- What to work on:
Every line from the one with "Secret_Pages.stl Télécharger fichier" to the one with "Villa Dewi Sri", including those two, is to be copied exactly; all other lines of the entries below are left out.

- Record excerpts:
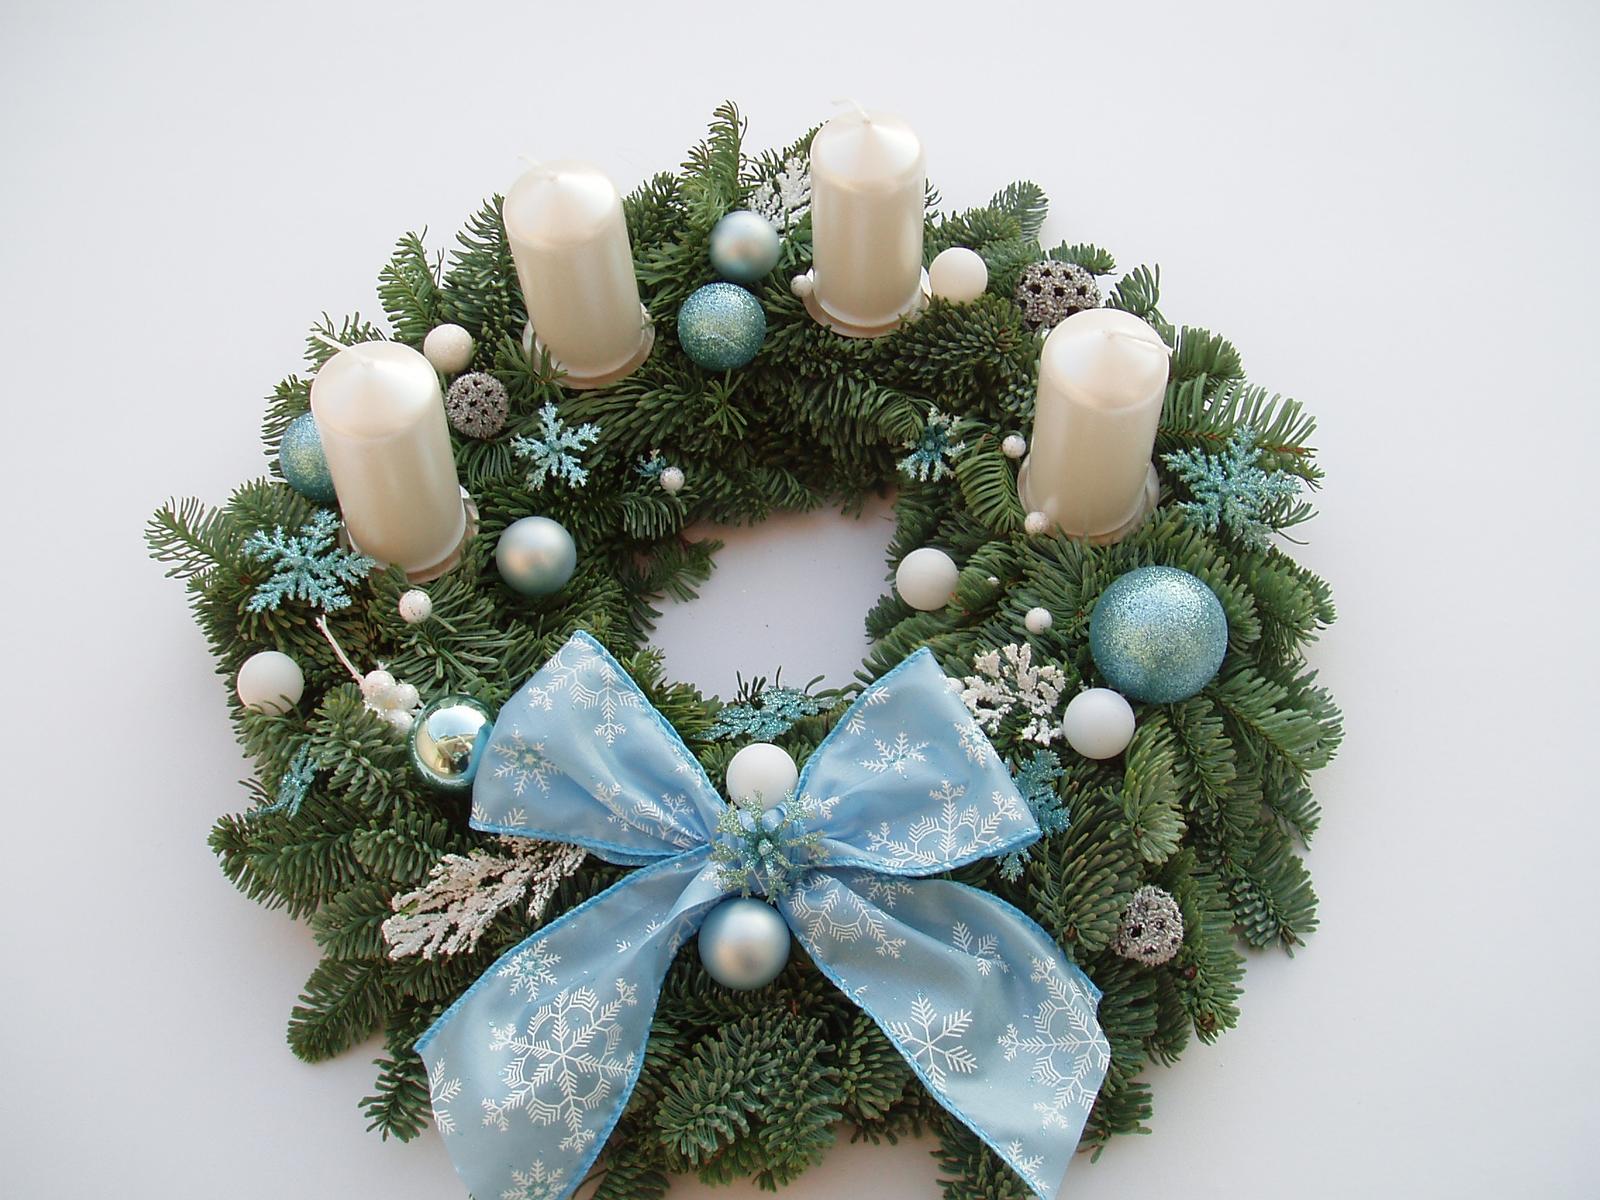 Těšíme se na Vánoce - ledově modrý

...

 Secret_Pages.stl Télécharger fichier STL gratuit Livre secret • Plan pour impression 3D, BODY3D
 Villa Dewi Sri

- Answer to this task:
 Secret_Pages.stl Télécharger fichier STL gratuit Livre secret • Plan pour impression 3D, BODY3D
 Villa Dewi Sri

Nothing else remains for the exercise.